To determine if a function has a removable discontinuity at a specific point, we need to check if the function is undefined at that point, but can be made continuous by assigning a specific value to it.
In this case, we need to analyze the function f(x) = (2x^2 + 5x - 7)/(x - 1) at x = 1.
Let's start by factoring the numerator of f(x):
f(x) = (2x^2 + 5x - 7)/(x - 1)
The numerator can be factored as:
f(x) = [(2x - 1)(x + 7)]/(x - 1)
Now we can see that the function is undefined at x = 1 because it would result in a division by zero.

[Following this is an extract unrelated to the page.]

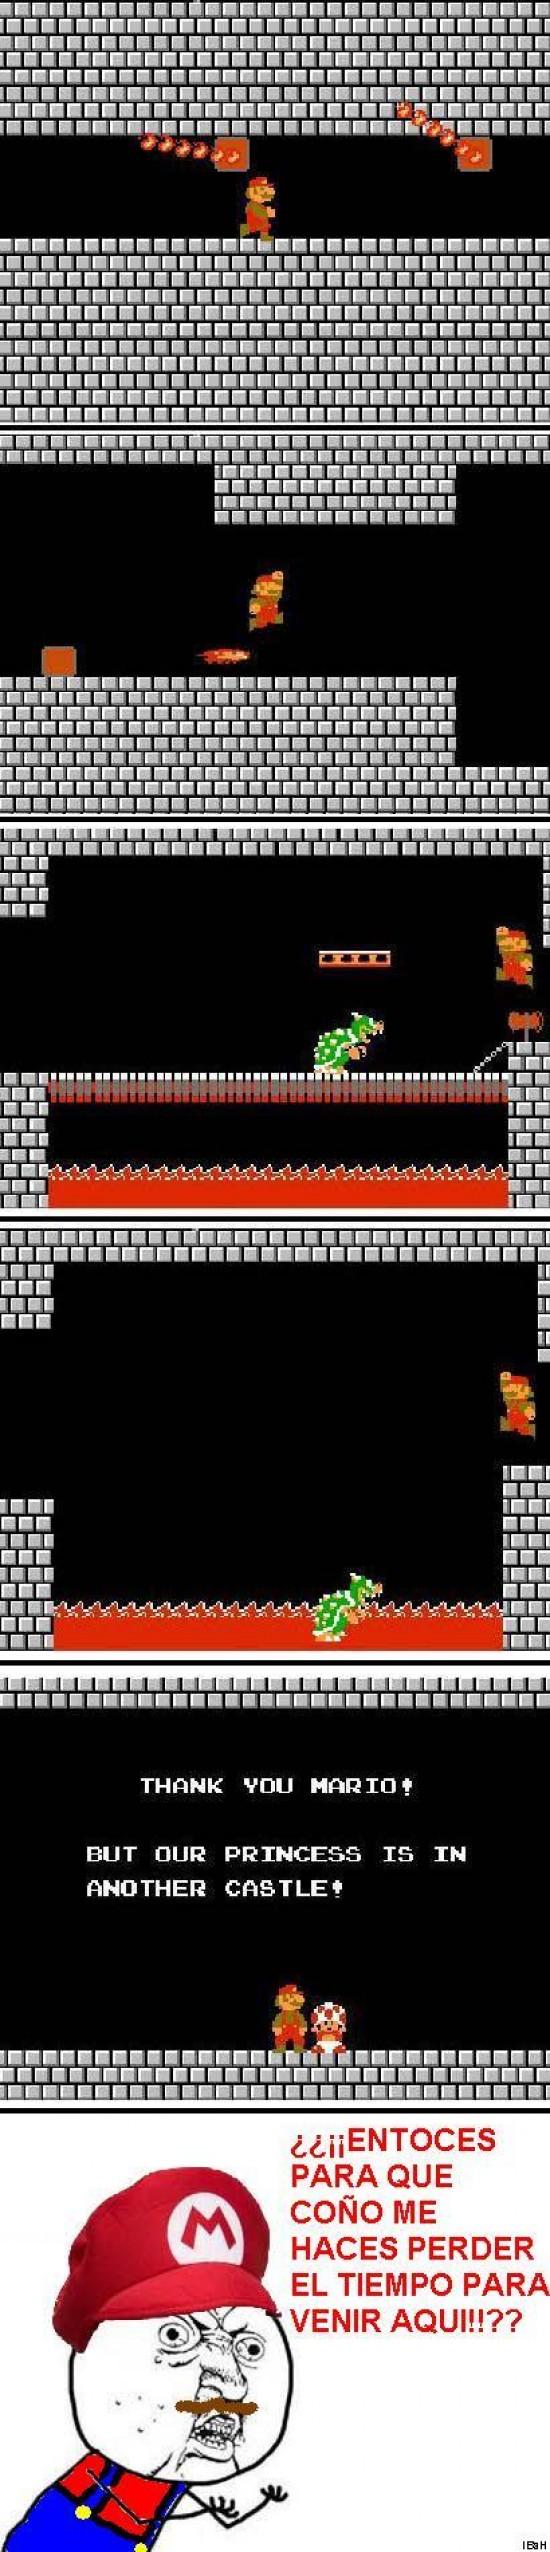 Y_u_no - Mario in the castle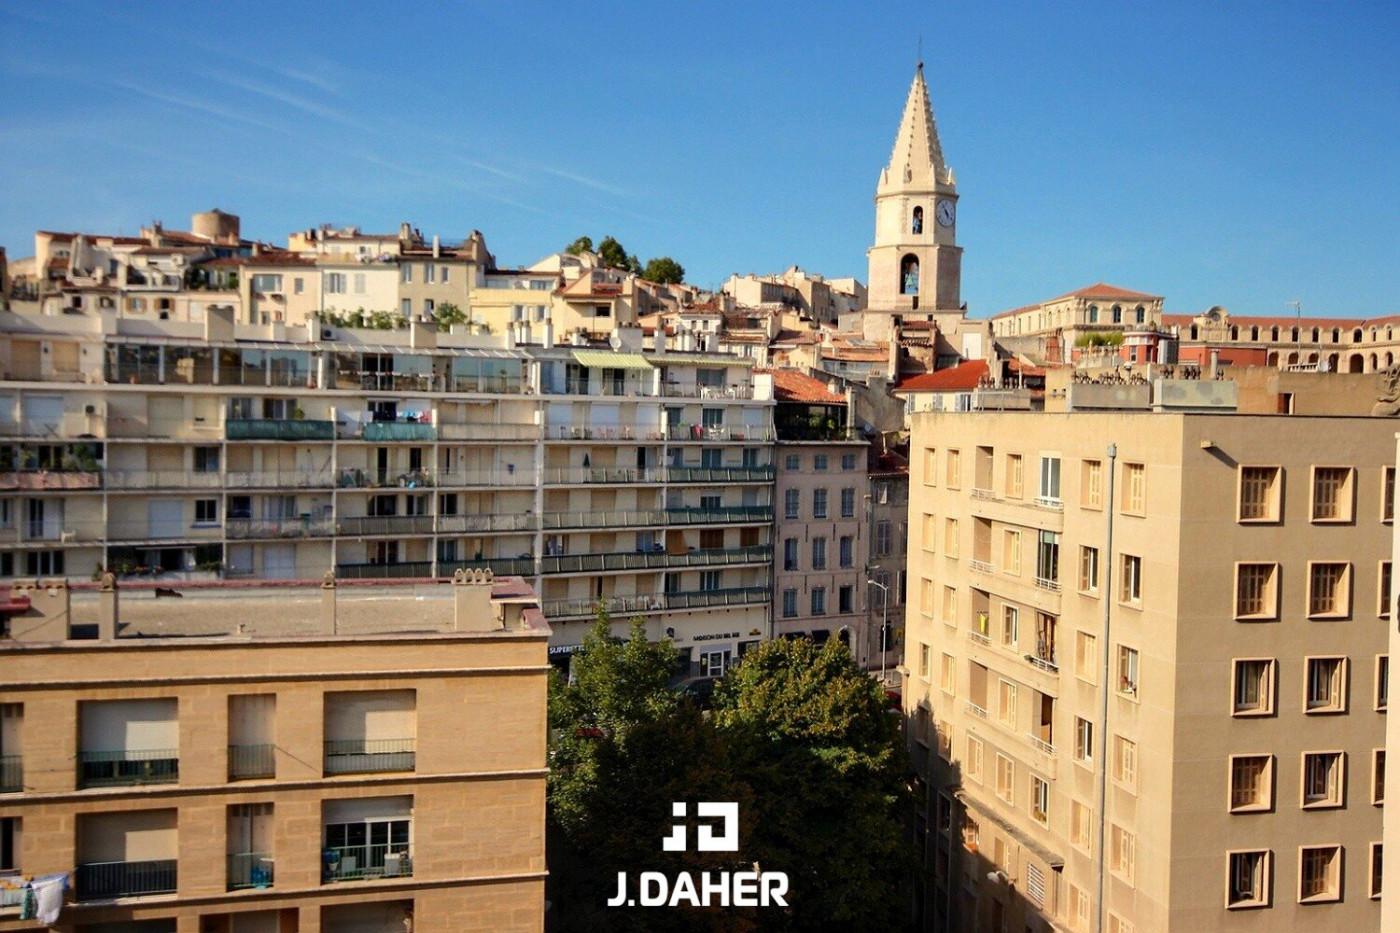 A vendre  Marseille 2eme Arrondissement | Réf 130251105 - J daher immobilier

To determine the value of F(1) that would make f(x) continuous at x = 1, we need to check if there is a common factor between the numerator and the denominator that can cancel out the (x - 1) term.
Looking at the factored numerator, we see that there is a common factor of (x - 1):
f(x) = [(2x - 1)(x + 7)]/(x - 1)
Now we can cancel out the (x - 1) term:
f(x) = (2x - 1)(x + 7)
The function f(x) is now defined for all x ≠ 1 and we have eliminated the removable discontinuity at x = 1.
To find the value of F(1) that would make f(x) continuous at x = 1, we substitute x = 1 into the simplified function:
F(1) = (2(1) - 1)(1 + 7)
= (2 - 1)(8)
= 1(8)
= 8
Therefore, the value of F(1) that would make f(x) continuous at x = 1 is 8.